On the platforms I am currently testing if I change the latency application and skip the setscheduler() call at all, the latency app works fine on kernel >= 5.10.x. (I mean even without setting kernel.sched_rt_runtime_us param). Final behaviour with the new kernel looks anyway unexpected to me.
With a kernel <= 5.9.x I have the opposite behaviour and if I skip the setscheduler() call the latency test fails.
Wow, I did not expect that. It seems that SCHED_OTHER is better than FIFO/RR with the current kernels. I added the SCHED_OTHER policy support to latency.c - -O other (75f8e2e73e03f628a4f2ba55ca8aa3e9f50cdbd9).

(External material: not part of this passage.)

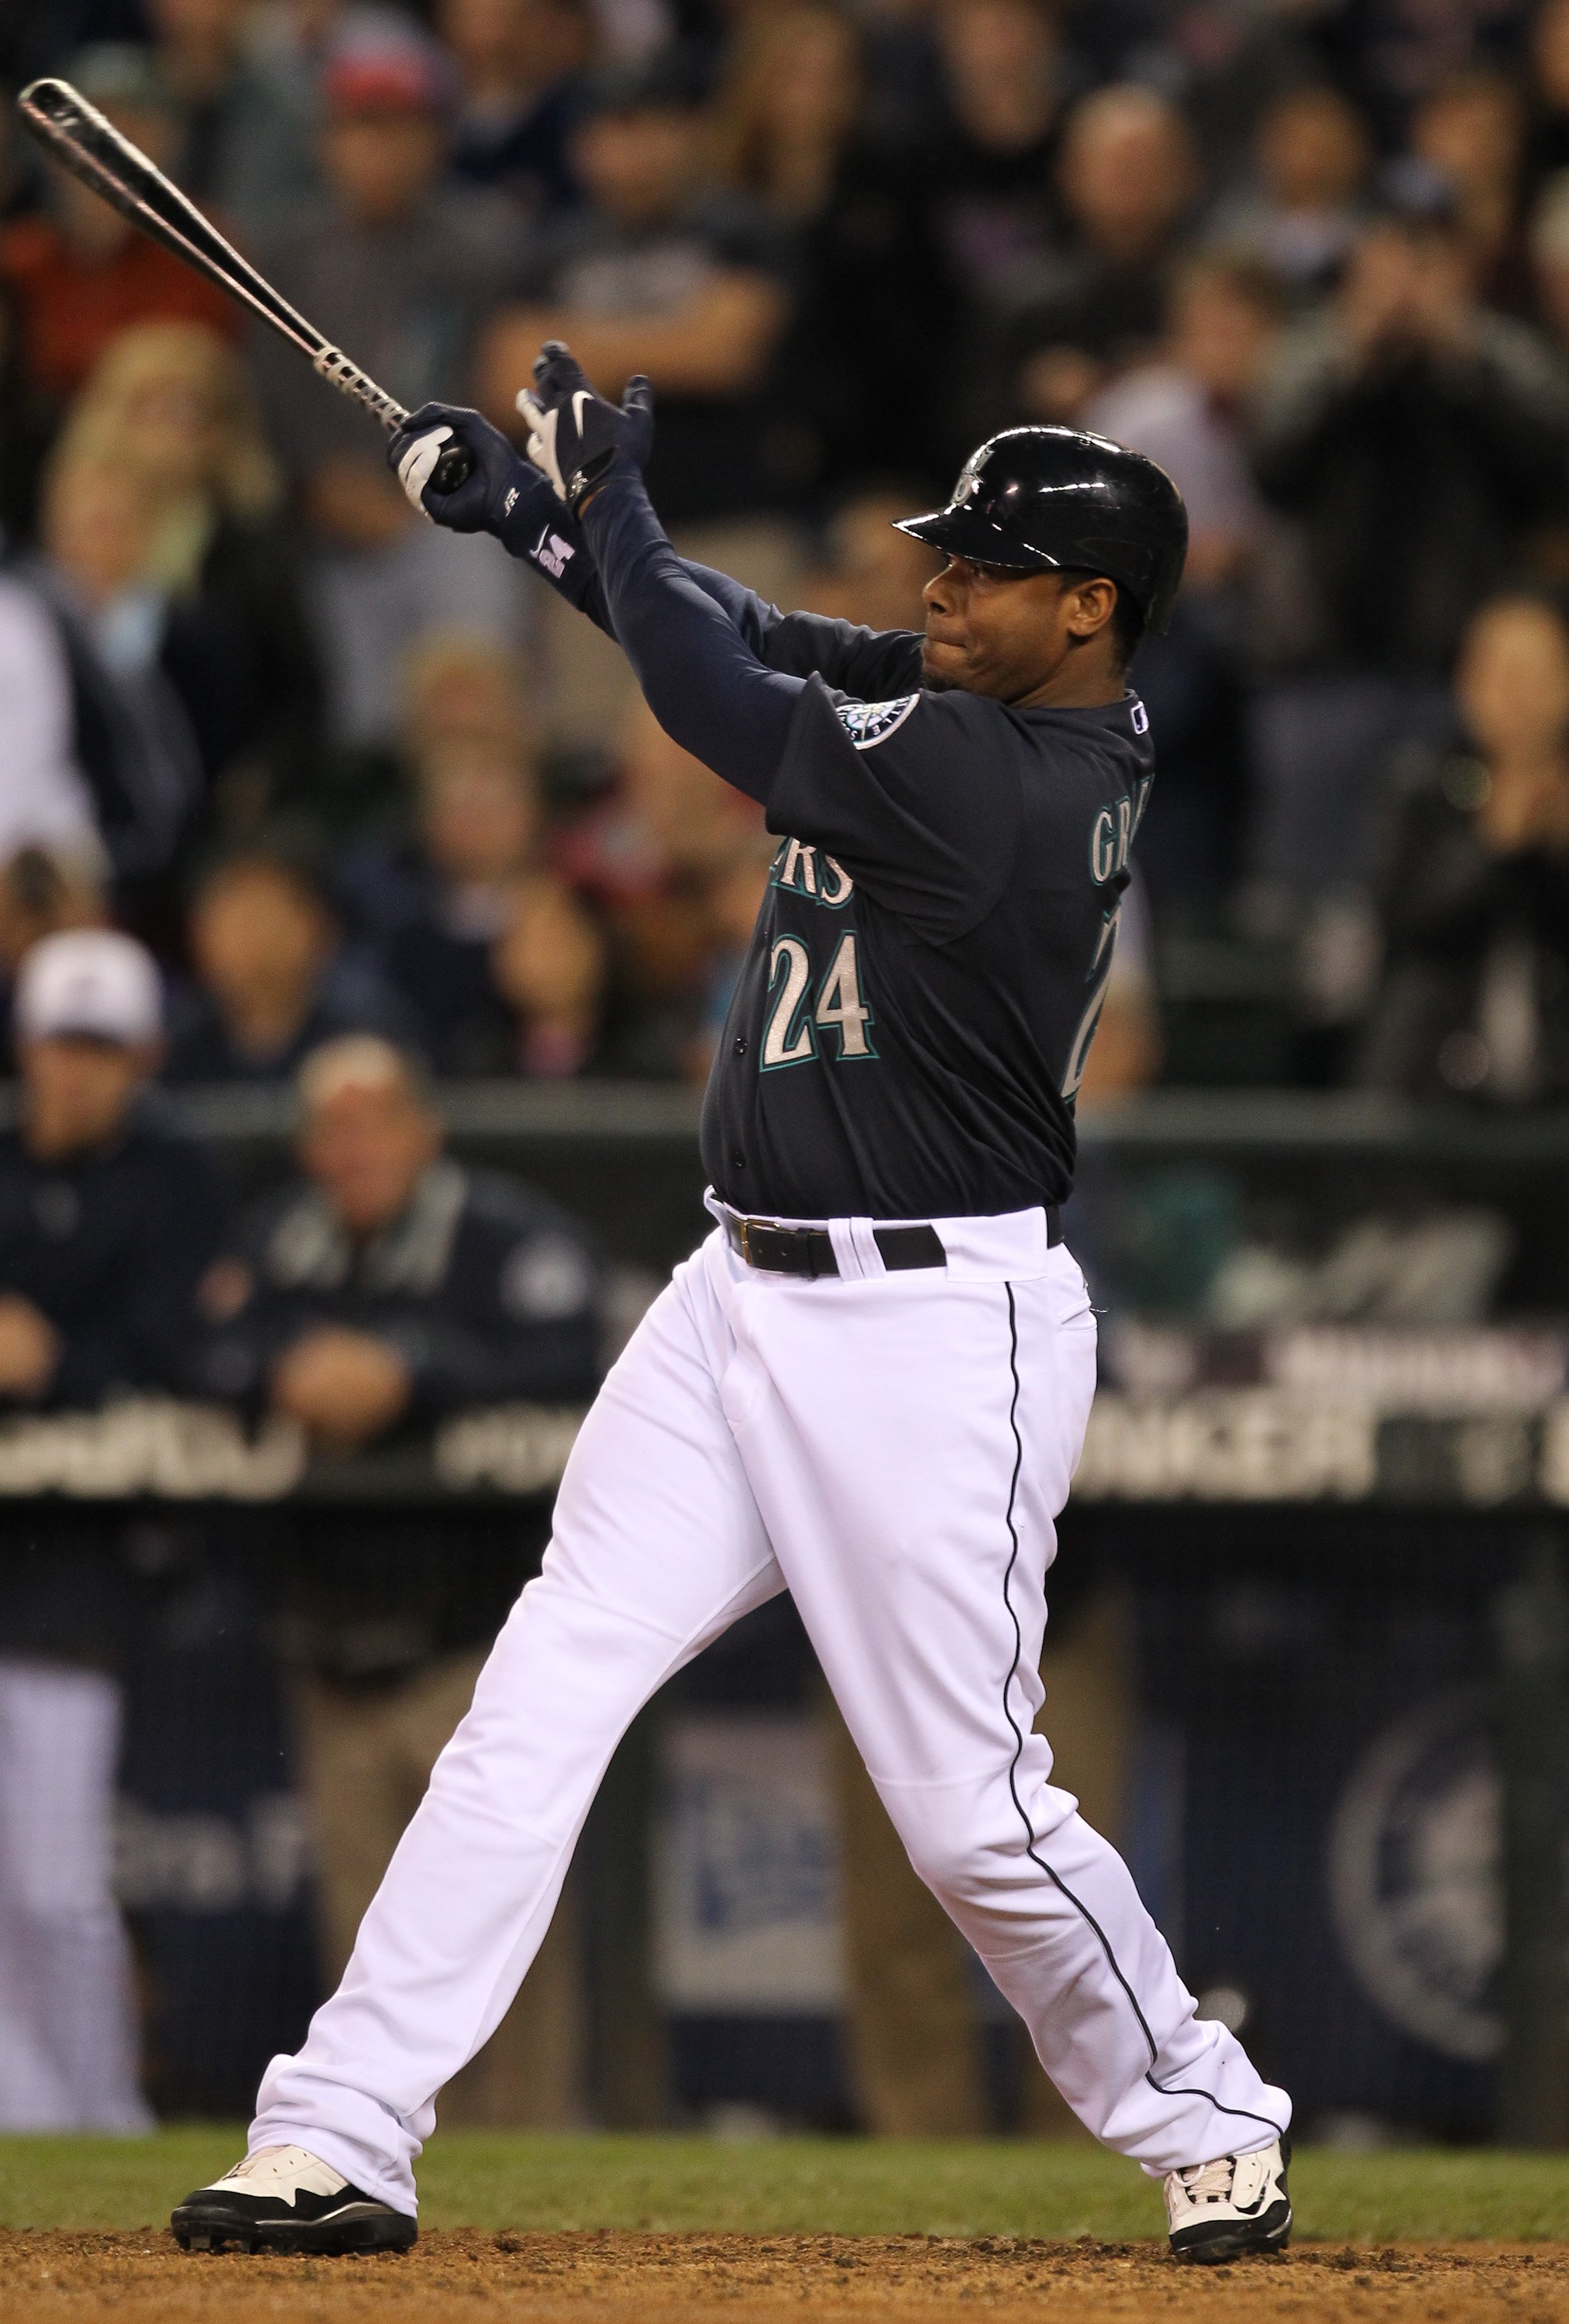 SEATTLE - MAY 31:  Ken Griffey Jr. #24 of the Seattle Mariners bats against the Minnesota Twins at Safeco Field on May 31, 2010 in Seattle, Washington. (Photo by Otto Greule Jr/Getty Images)

So we can select the policy without the code modification now.
it sounds ok to me. Just to summarise. According to my tests SCHED_OTHER is required to make latency test work with a kernel >= 5.10.x and SCHED_RR is required with a kernel <= 5.9.x
In addition to allow the user to specify the scheduler policy, can the latency application apply a default scheduler according to the above findings ?
I think that it would be bad to change the application defaults according the kernel version. Also, it's clearly the kernel scheduler problem which should be reported to LKML (linux kernel mailing list) and scheduler maintainers - see https://github.com/torvalds/linux/blob/c3eb11fbb826879be773c137f281569efce67aa8/MAINTAINERS#L18348 .